The tensorize function here as following:

register custom dtype
tvm.target.datatype.register("vfloat32m1_t", 129)
tvm.target.datatype.register_op(
    tvm.target.datatype.lower_call_pure_extern,
    "Call",
    "c",
    "vfloat32m1_t",
    intrinsic_name="tir.call_extern",
)
intrin_macc_vf
def intrin_macc_vf(l):
    """match math sum(a[k] * b[0], axis=k)"""
    a = te.placeholder((l,), name="a")
    b = te.placeholder((1,), name="b")
    k = te.reduce_axis((0, l), name="k")
    c = te.compute((1,), lambda i: te.sum(a[k] * b[0], axis=k), name="macc")
    Ab = tvm.tir.decl_buffer(a.shape, a.dtype, name="A", offset_factor=1, strides=[1])
    Bb = tvm.tir.decl_buffer(b.shape, b.dtype, name="B", offset_factor=1, strides=[te.var("s1")])
    Cb = tvm.tir.decl_buffer(c.shape, c.dtype, name="C", offset_factor=1, strides=[1])

    dtype_vec = "float32"
    vl = te.const(l, "int32")

    def intrin_func(ins, outs):
        aa, bb = ins
        cc = outs[0]
        vec_c = cc.vload([0], dtype_vec)

        def _body():
            ib = tvm.tir.ir_builder.create()
            a = aa.vload([0], dtype_vec)
            vec_b = bb.access_ptr("r")

            # d = a * b + c
            # load vec_b
            load_vecb = tvm.tir.call_extern("custom[vfloat32m1_t]128", "vle32_v_f32m1", vec_b, vl)
            load_vecb = ib.let("vec", load_vecb)

            # do macc
            vmmla = tvm.tir.call_pure_extern(
                "float32", "vfmacc_vf_f32m1", vec_c, a, load_vecb, vl
            )
            ib.emit(cc.vstore([0], vmmla))

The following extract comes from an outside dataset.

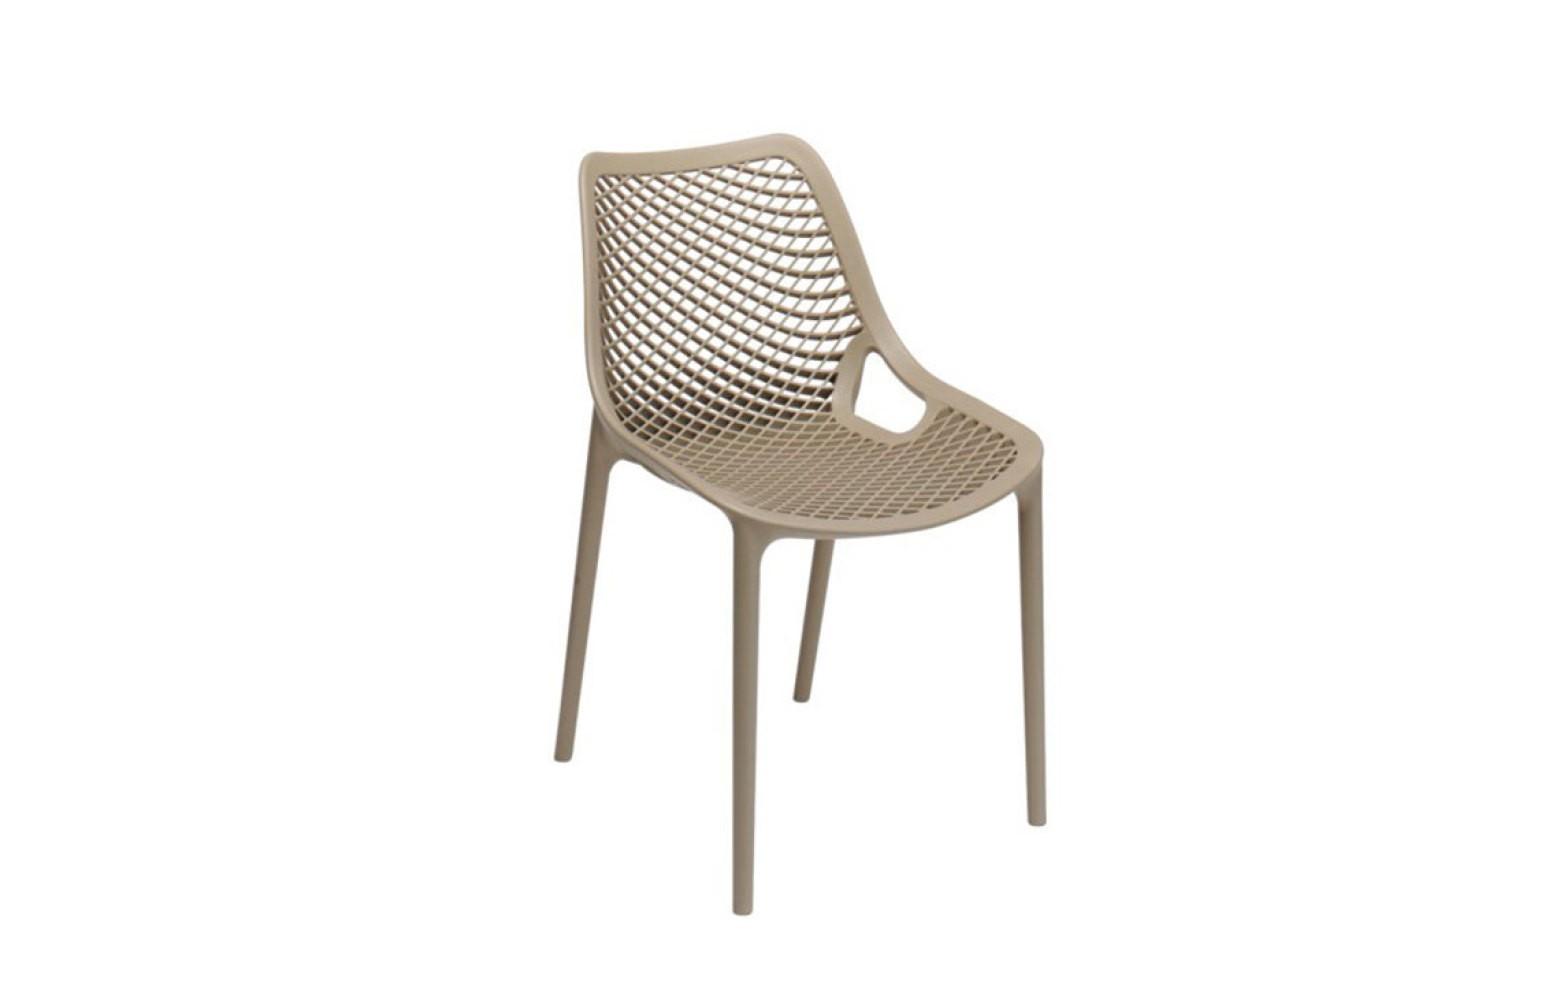 cross 2er set gartenm bel online outlet who 39 s perfect. Black Bedroom Furniture Sets. Home Design Ideas

            return ib.get()

        def _reduce_reset():
            ib = tvm.tir.ir_builder.create()

            init_value = te.const(0, dtype_vec)
            intrin_load = tvm.tir.call_extern("float32", "vfmv_v_f_f32m1", init_value, l)
            ib.emit(cc.vstore([0], intrin_load))

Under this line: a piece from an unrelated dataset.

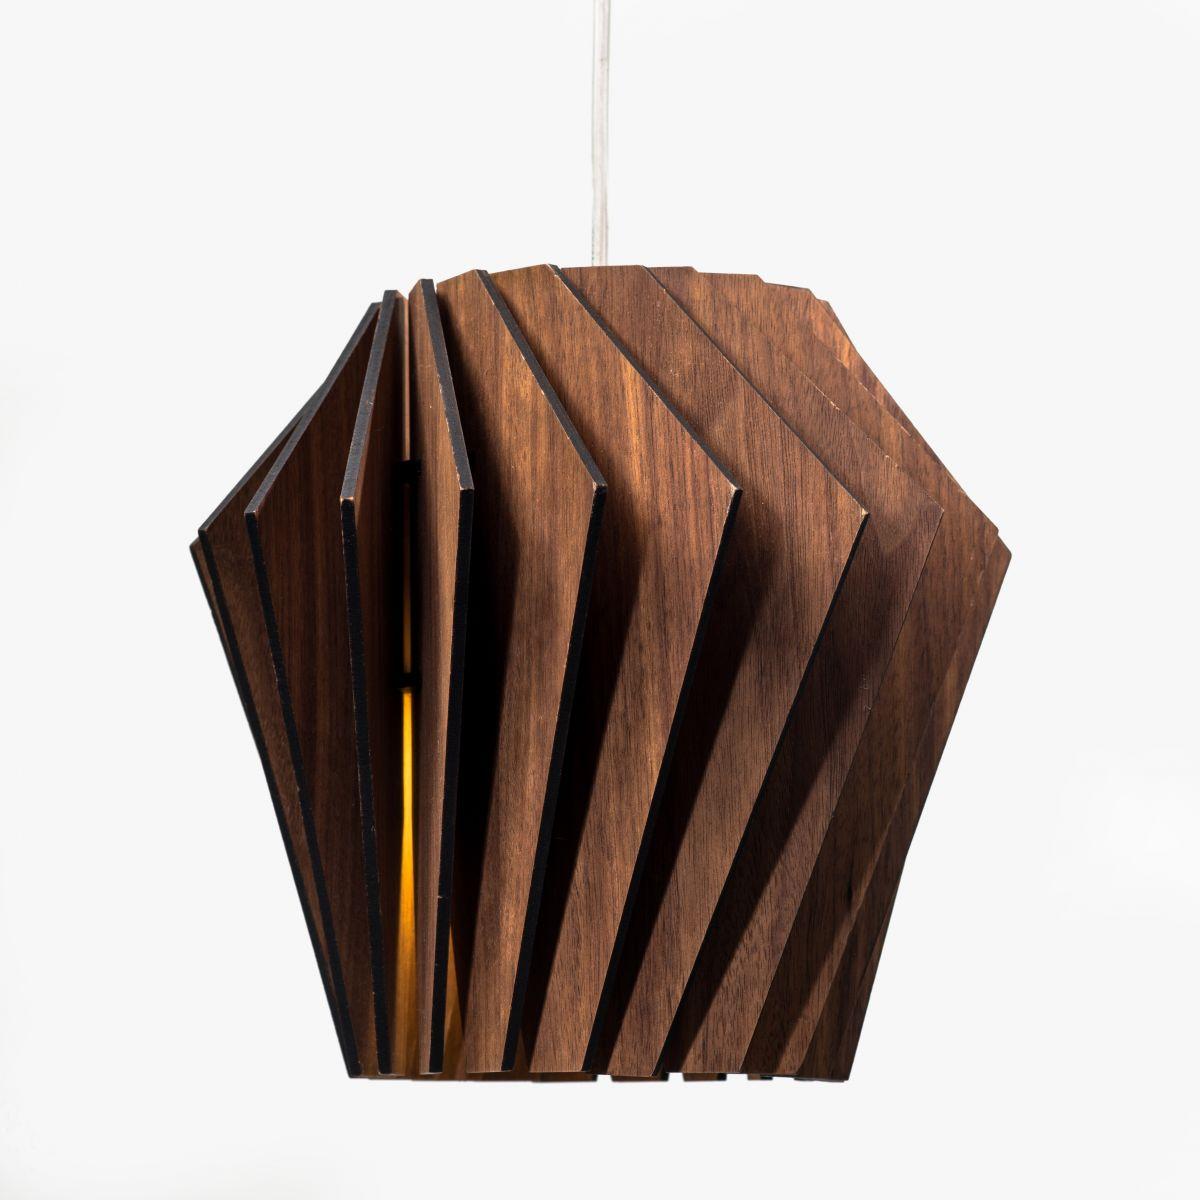 Турболампа из ореха, средняя - подвесной светильник

            return ib.get()

        def _reduce_update():
            return _body()

        return _body(), _reduce_reset(), _reduce_update()

    return te.decl_tensor_intrin(c.op, intrin_func, binds={a: Ab, b: Bb, c: Cb})
intrin_load
def intrin_load(l):
    """match math load a[i]"""
    a = te.placeholder((l,), name="a")
    c = te.compute((l,), lambda i: a[i], name="load")
    Ab = tvm.tir.decl_buffer(a.shape, a.dtype, name="A", offset_factor=1, strides=[1])
    Cb = tvm.tir.decl_buffer(c.shape, c.dtype, name="C", offset_factor=1, strides=[1])
    dtype_vec = "float32"

    def intrin_func(ins, outs):
        aa = ins[0]
        cc = outs[0]

        ib = tvm.tir.ir_builder.create()

        vec_a = aa.vload([0], dtype_vec)
        vec_c = cc.access_ptr("r")
        vl = te.const(l, "int32")
        ib.emit(tvm.tir.call_extern("float32", "vse32_v_f32m1", vec_c, vec_a, vl))

        return ib.get()

    return te.decl_tensor_intrin(c.op, intrin_func, binds={a: Ab, c: Cb})

3. My question

3.1 How to use TIR to convert memory allocation of vector array to allocate single vector .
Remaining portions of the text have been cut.